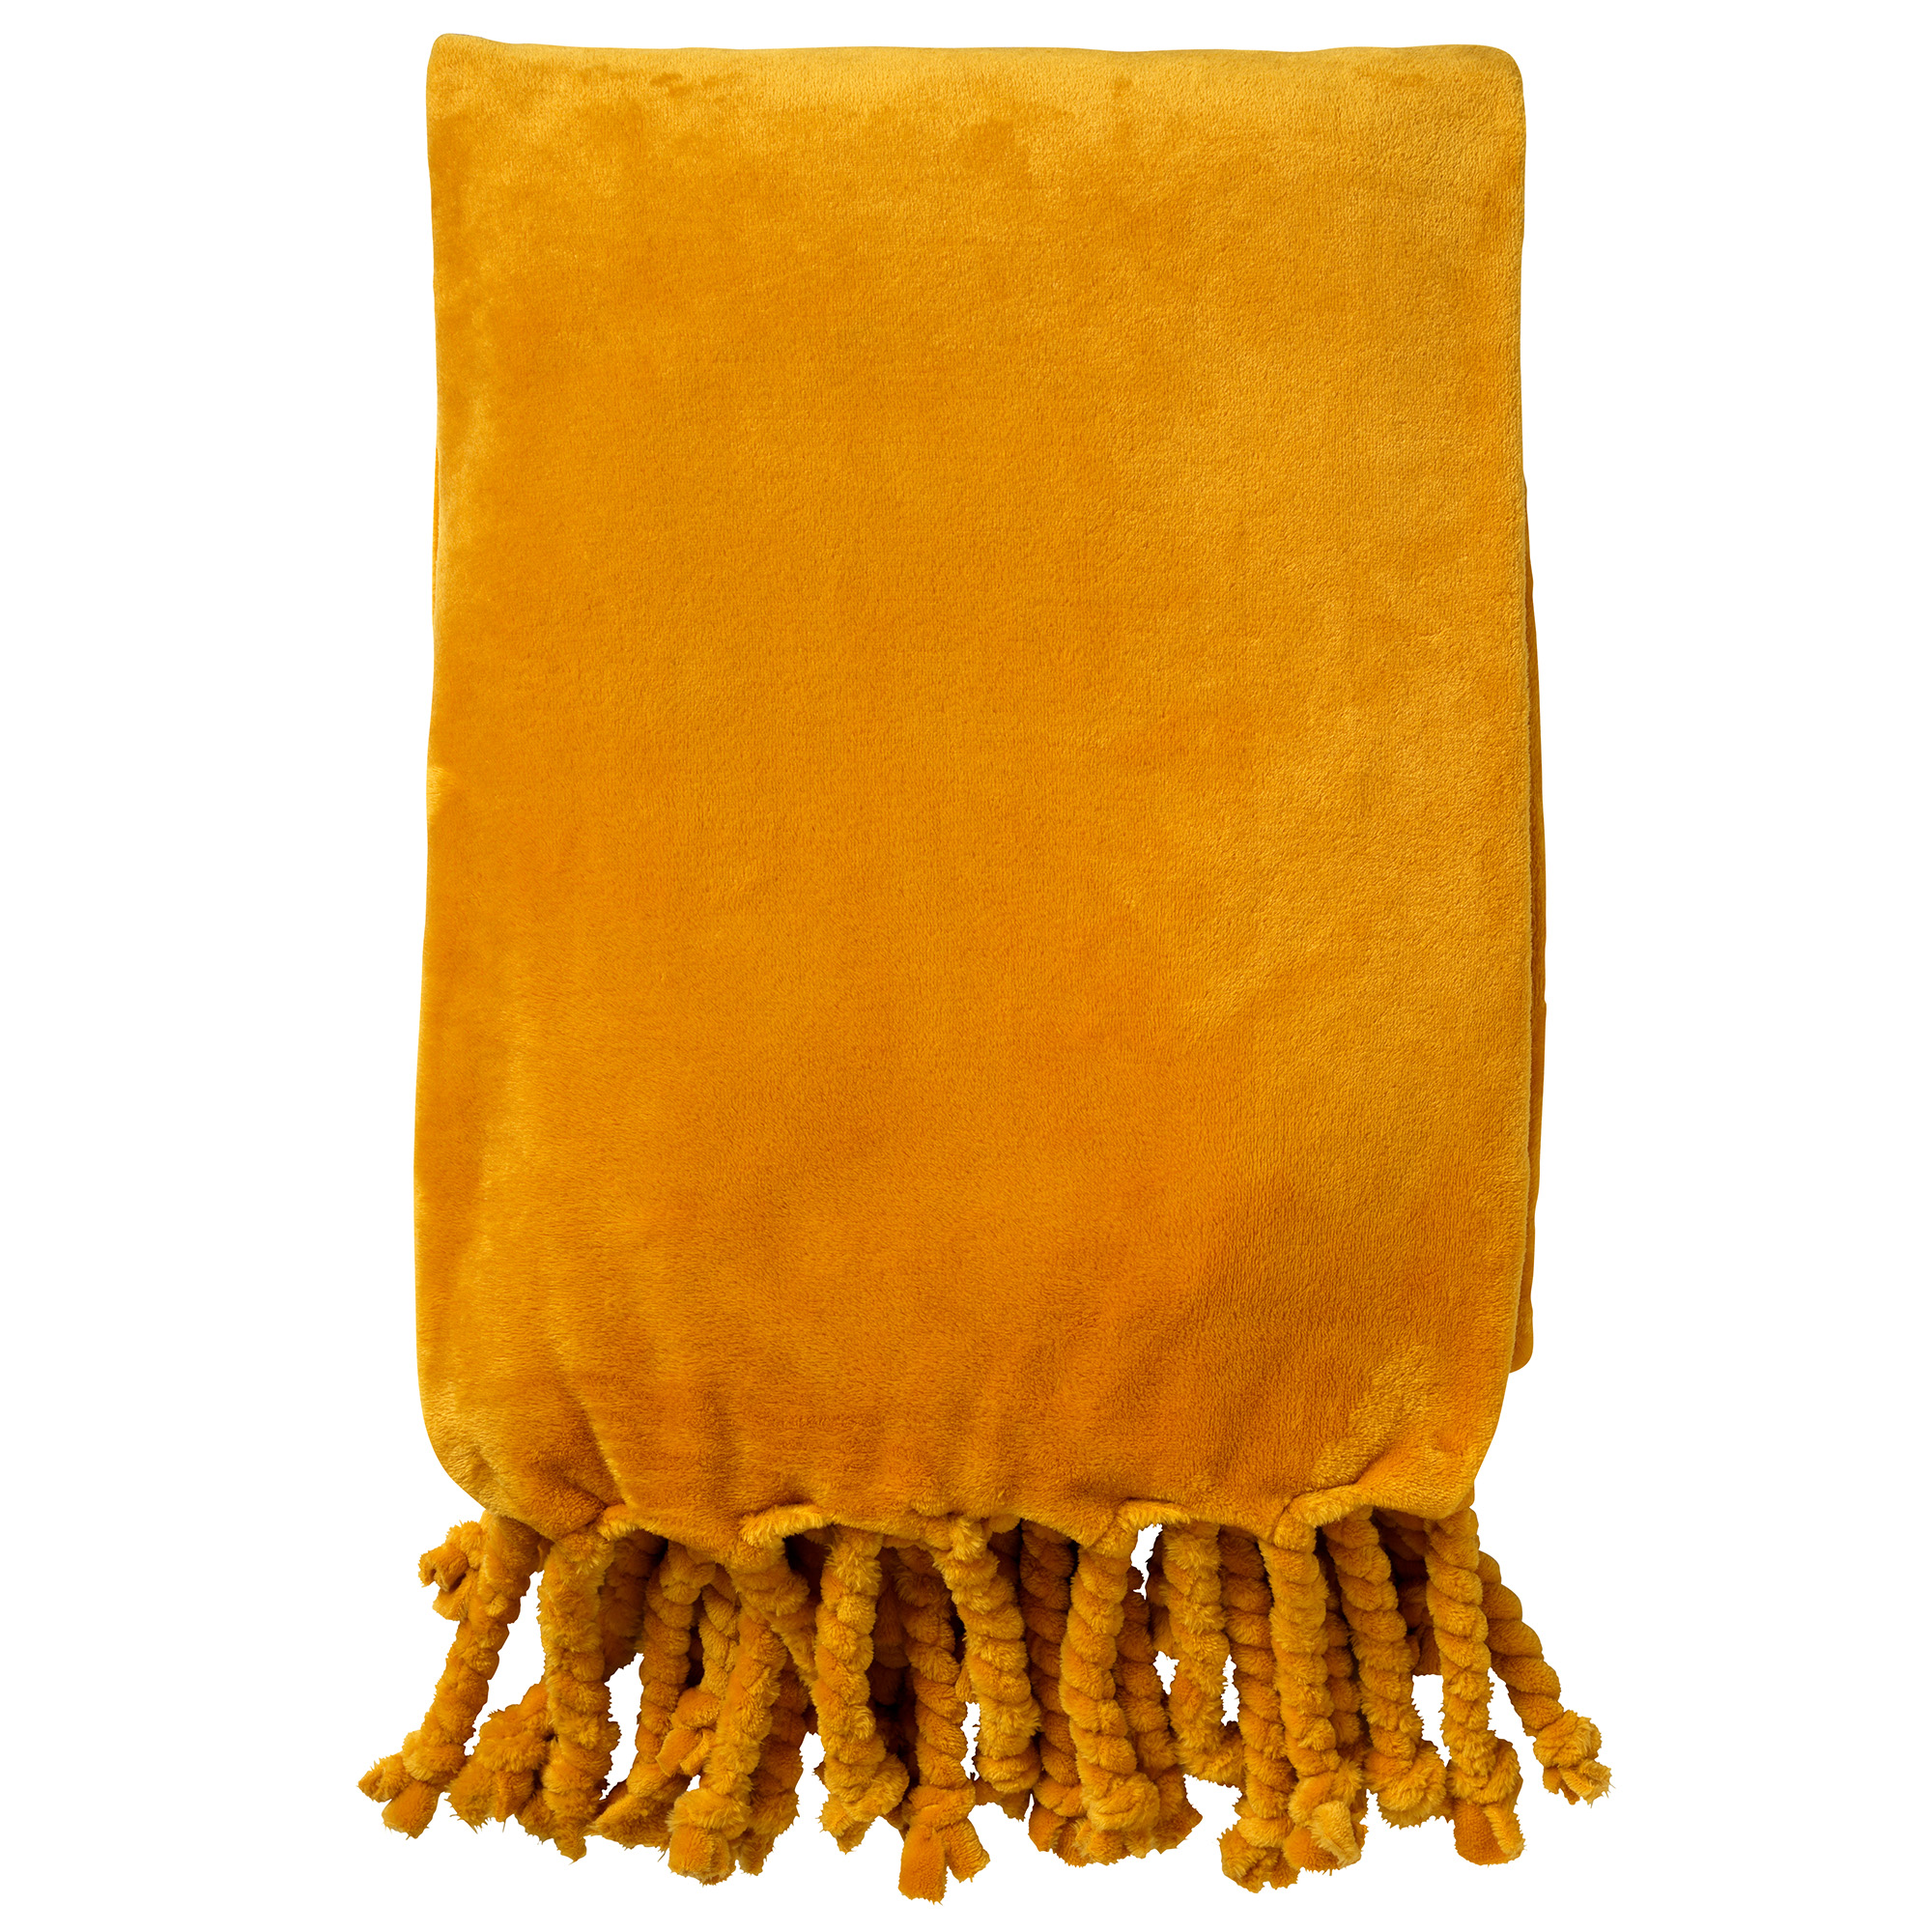 FLORIJN - Plaid Golden Glow 150x200 cm
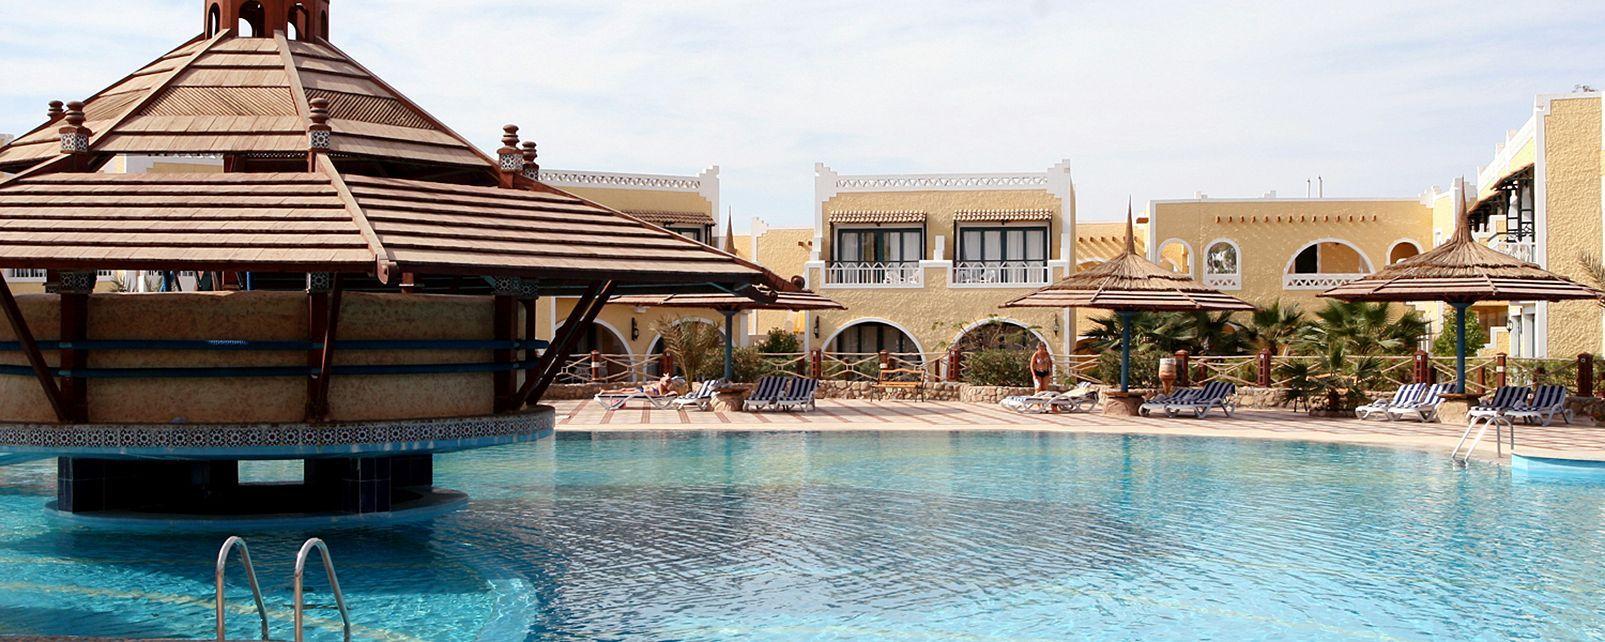 Faraana Reef Resort Hotel Sharm
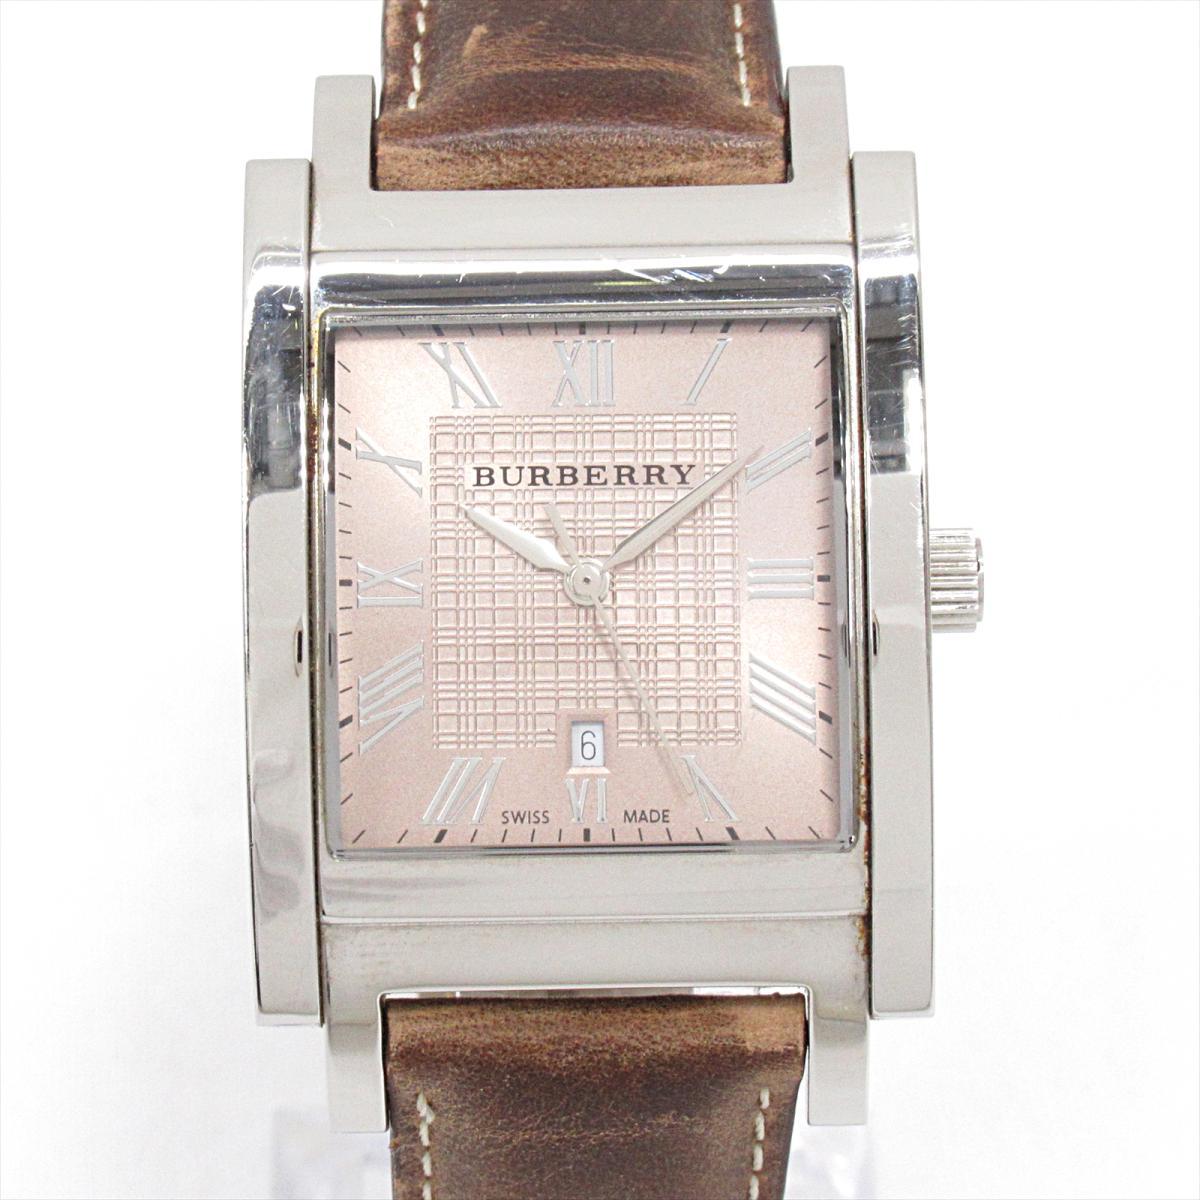 ≪期間限定≫メルマガ登録でクーポンGET! 【中古】 バーバリー ヘリテージ 腕時計 ウォッチ メンズ ステンレススチール (SS) レザーベルト (BU1553) | BURBERRY BRANDOFF ブランドオフ ブランド ブランド時計 ブランド腕時計 時計
──────────────────────────────
> **Task directions**: Copy the data word for word. Pictures do not go in the copy.

> **Response for this exercise**:
 FLORIJN - Plaid Golden Glow 150x200 cm
 Faraana Reef Resort Hotel Sharm
 ≪期間限定≫メルマガ登録でクーポンGET! 【中古】 バーバリー ヘリテージ 腕時計 ウォッチ メンズ ステンレススチール (SS) レザーベルト (BU1553) | BURBERRY BRANDOFF ブランドオフ ブランド ブランド時計 ブランド腕時計 時計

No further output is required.